Etiket: organ nakli

  • 20 yaşındaki Utku’nun böbreğiyle yaşama tutundu

    20 yaşındaki Utku’nun böbreğiyle yaşama tutundu

    Balıkesir’de, geçirdiği trafik kazasında ölen Utku Boz’un (20) iki böbreği ve karaciğeri, Bursa’daki 3 hastaya nakledildi. Nakil olanlardan biri böbrek yetmezliği hastası İzzet Karaöz (37), hastalıkta ve nakil sürecinde yaşadıklarını anlattı. Karaöz, “Yeni doğmuş gibiyim. Utku’nun ailesi bana yeni bir hayat verdi. Artık onlar da benim ailem. Sağlığım yerine geldiği zaman ilk olarak onları ziyaret edeceğim” dedi.

    Balıkesir’in Ayvalık ilçesine bağlı Altınova Mahallesi’nde, 16 Ağustos’ta meydana gelen kazada ağır yaralanan Utku Boz, kaldırıldığı hastanede hayatını kaybetti. Ailesi, Utku Boz’un organlarını bağışlama kararı aldı. Utku Boz’dan alınan 2 böbrek ve karaciğer Bursa’daki hastanelere gönderildi. 19 Ağustos akşamı bir böbrek ve karaciğer Bursa Uludağ Üniversitesi Tıp Fakültesi Hastanesi’nde, diğer böbrek ise özel bir hastanede uygun hastalara nakledildi.

    Bursa Uludağ Üniversitesi Tıp Fakültesi Hastanesi’nde böbrek nakli olan İzzet Karaöz, yaşadığı süreci anlattı. Annesinin böbreğini almaya hazırlandıkları zaman uygun organın bulunduğunu söyleyen Karaöz, böbreği bağışlayan ailenin kendisine hayat verdiğini dile getirdi. Kızı Sena ve eşi Sadife Karaöz ile hastane odasının penceresinden mesafeli şekilde görüşen İzzet Karaöz, çocuğuna sarılacağı günü merakla beklediğini belirtti.

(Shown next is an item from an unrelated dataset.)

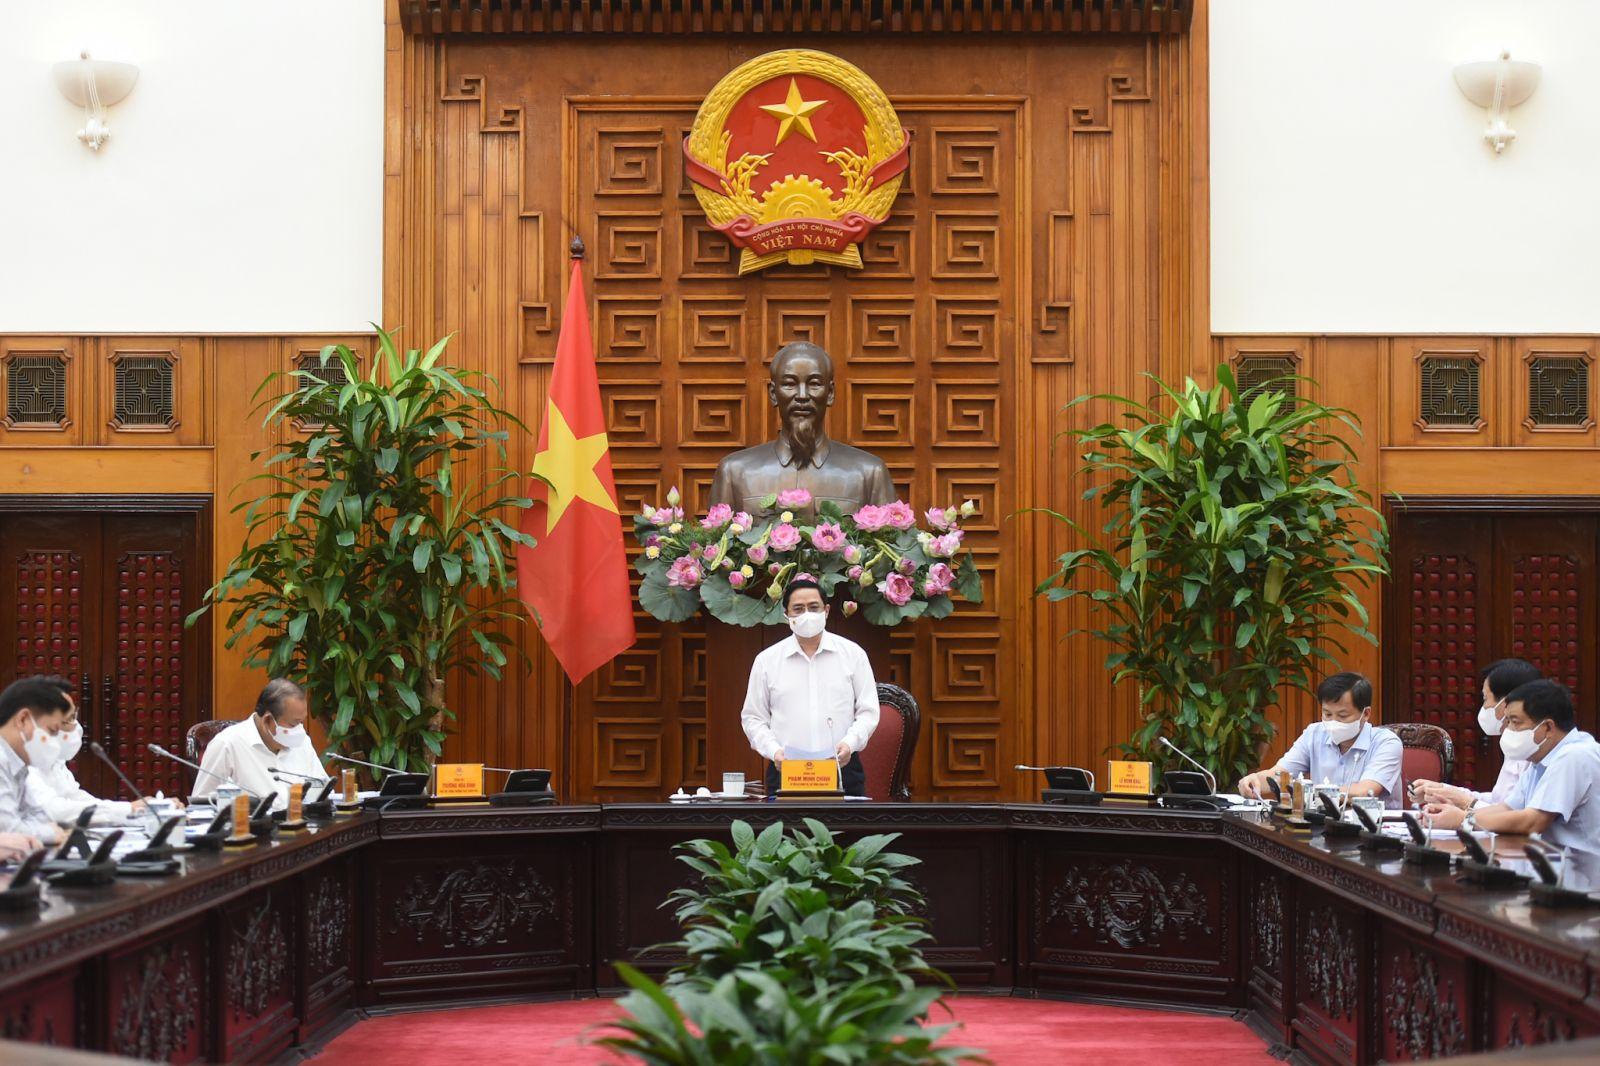 Thủ tướng Phạm Minh Chính: Trường hợp để xảy ra lây nhiễm dịch trong cộng đồng trên địa bàn thì tuỳ mức độ sẽ bị xem xét, xử lý trách nhiệm theo quy định. Ảnh VGP
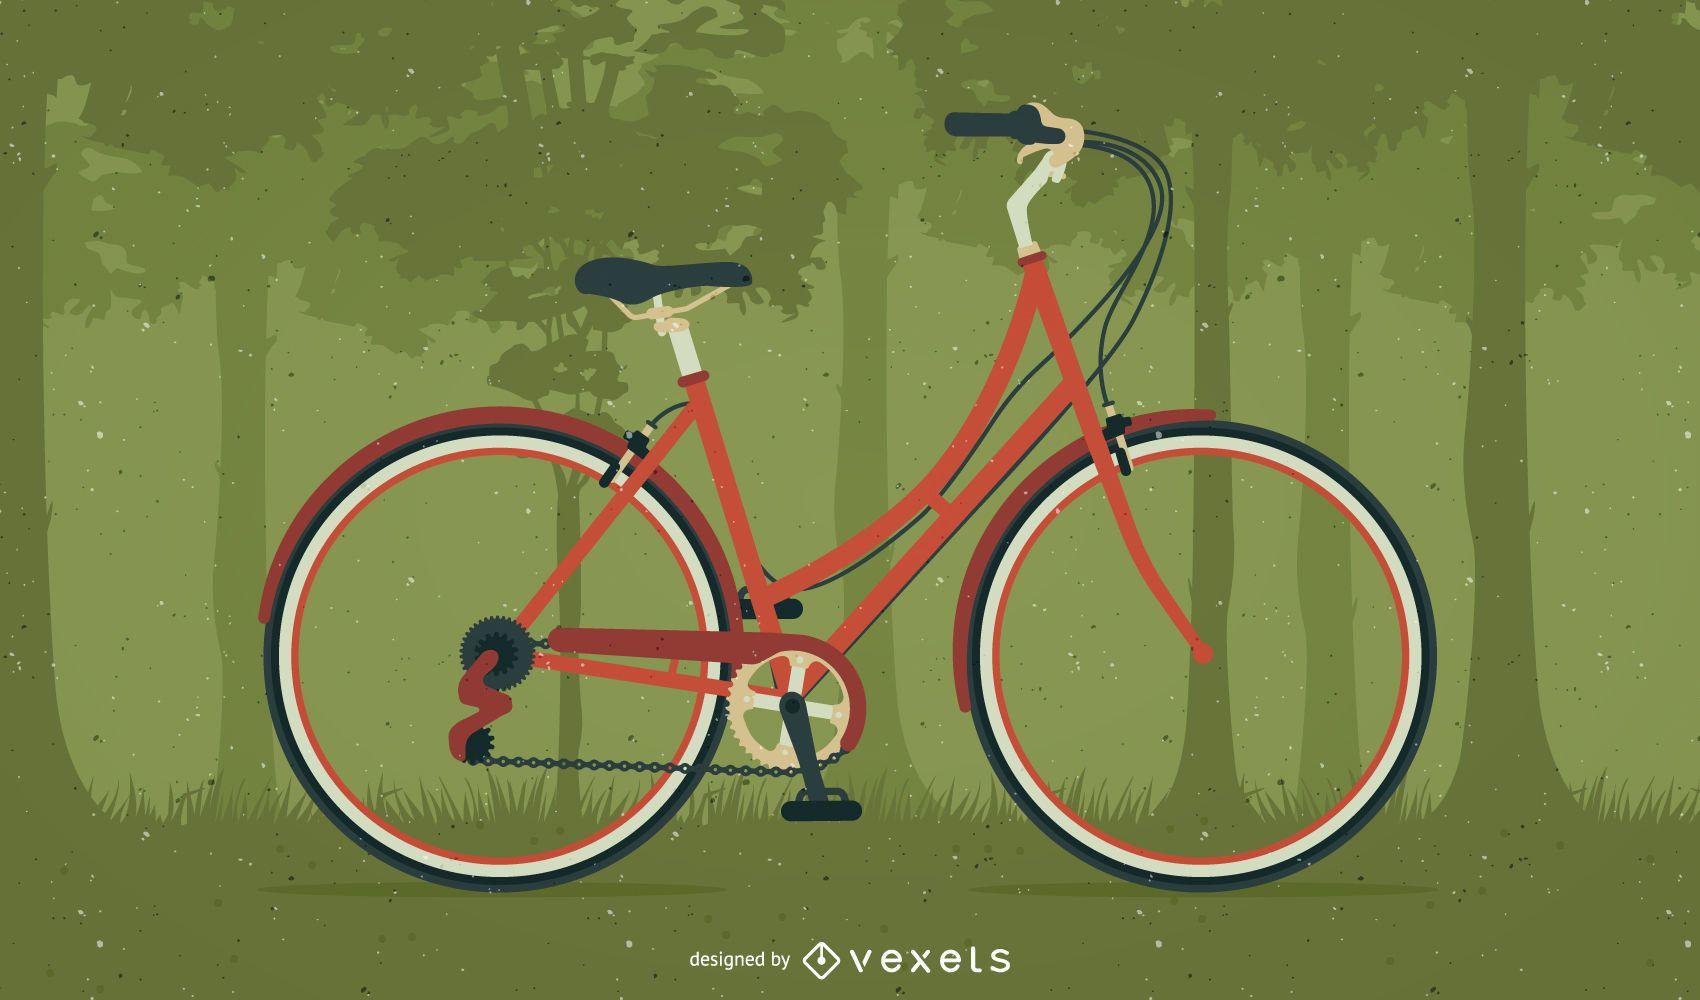 Ilustración de bicicleta en un bosque

    ‘HASTALIĞIM İLK ÖKSÜRÜKLE BAŞLADI’

    Böbrek nakli olan İzzet Karaöz, “9 aydır diyalize bağlı yaşıyorum. Hastalığım 9 ay önce belli oldu. İlk hastalığımın teşhisi 29 Ekim günü Zonguldak’ta öksürükle başladı. Özel bir hastaneye gittim. Tahliller yapıldı ve böbrek yetmezliği teşhisi konuldu. O anda şok oldum. Diyalize bağlanacağımı ve bundan sonraki hayatımın böyle geçeceğini söylediler. Diyaliz merkezine gittim. Haftada 3 gün 4 saat diyalizde kalmaya başladım. Düzenim bozuldu. Psikolojim alt üst oldu. O sıra pandemi çıktı” dedi.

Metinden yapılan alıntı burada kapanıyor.